The Washington Post reports that 101 of the 707 banks receiving bailout monies cannot make their payments at last count. Thus, the number of "healthy banks" skipping their Troubled Asset Relief Program (TARP) dividend and interest payments continues to soar.
This graph is taken from Figure 1 of my updated version of my paper "TARP's Deadbeat Banks." That paper lists all 115 banks that have missed dividend and interest payments over the last six quarters.
The brilliant investors in the U.S. Treasury and the administration are starting to get nervous because their Congressional authorization to lavish taxpayer cash on whatever companies they please with TARP funds expires in a few months on October 3, 2010.

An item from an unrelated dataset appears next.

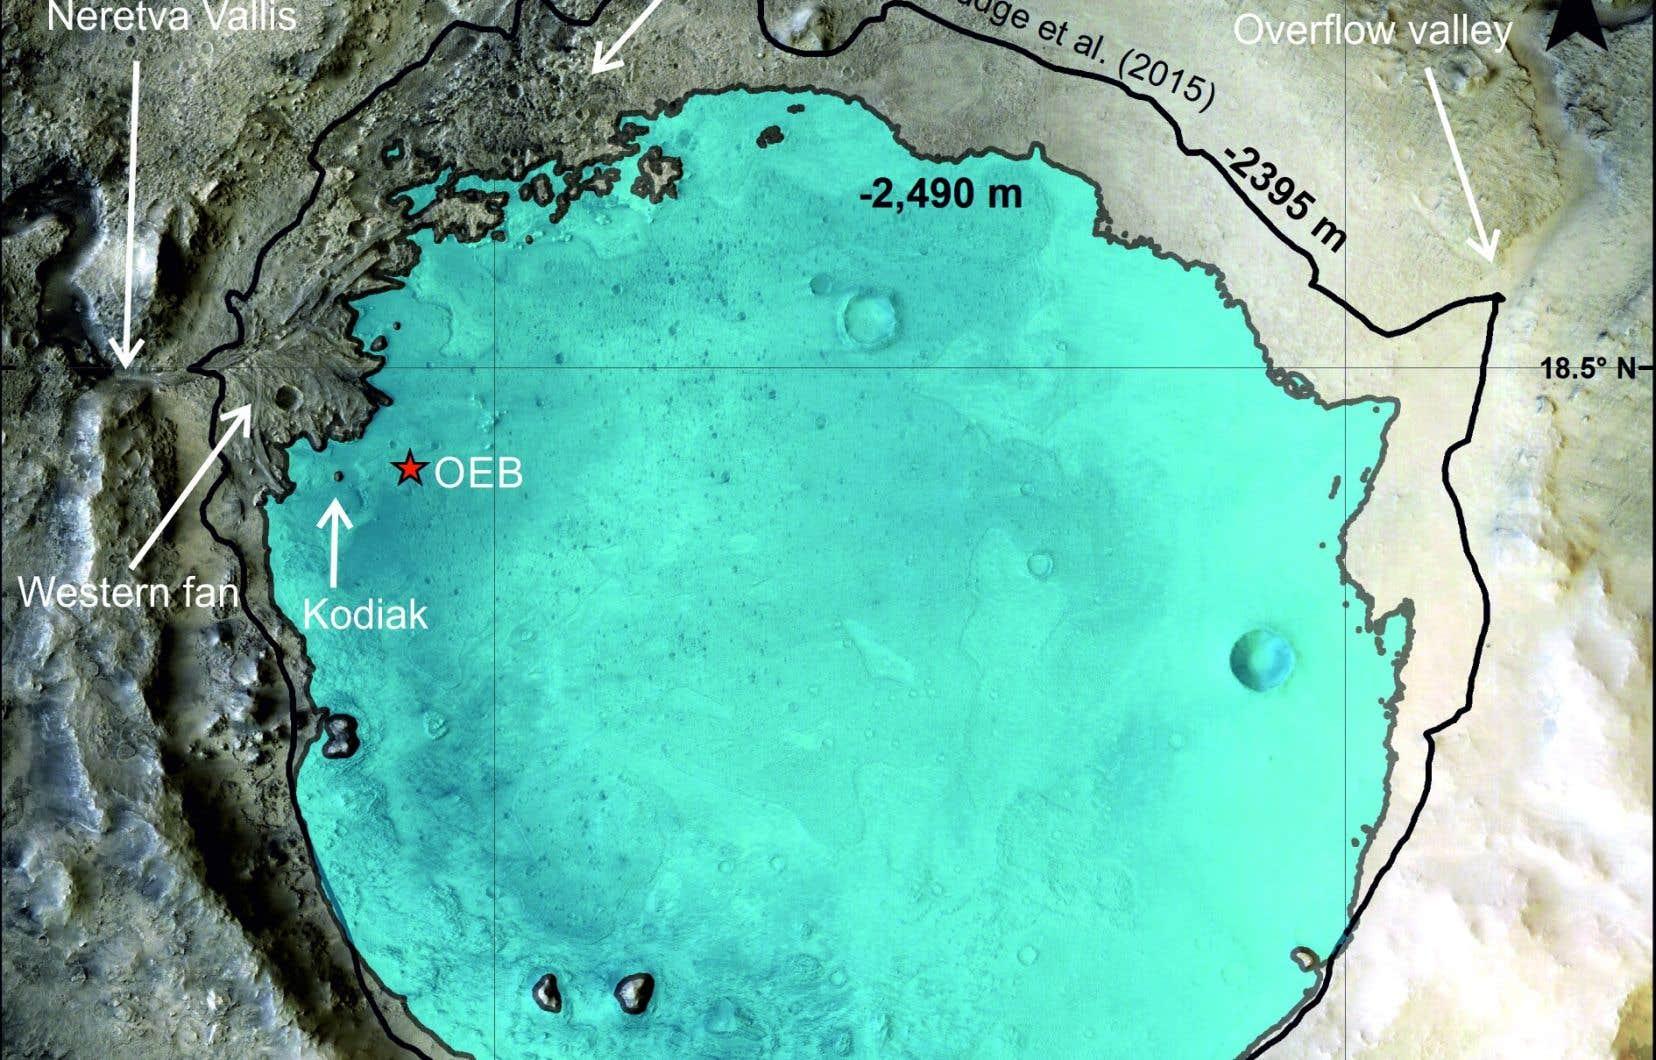 En bleu, on peut voir le niveau du lac dans le cratère Jezero tel qu'estimé à partir des observations effectuées depuis «Perseverance», qui est actuellement à 2 km du delta. Ce niveau était 100 m plus bas que le niveau suggéré par les données satellitaires.

The solution is to get a new $30 billion slush fund, which will be voted on Wednesday, June 16, 2010. This plan will let U.S. Treasury Secretary Tim Geithner buy preferred stock with dividends as low as 1 percent per annum from to banks with less than $10 billion in assets. The Small Business Lending Fund (SBLF) or H.R. 5297, according to my estimates will lose between 22 percent to 37 percent of the taxpayer monies poured into these banks. This TARP Jr. legislation would be more aptly called the Small Bank Loss Fund (SBLF). The dividend skipping rates on the TARP preferred stock indicate that these investments would be speculative grade or junk issues.
Yet, Congressional leaders and the Congressional Budget Office believe it will pay for itself despite its paltry dividend rate. Almost more troubling than the direct costs is the administration’s embrace of further state ownership of the banking sector. These government investments distort competition and capital markets, reducing the efficiency of the banking sector. Encourage your member of Congress and ask him or her to vote against H.R. 5297. Hopefully, the House or the Senate will end the administration’s bailout addiction.
Disclosure: I own broad based index funds. I do not own individual securities issued by the companies mentioned.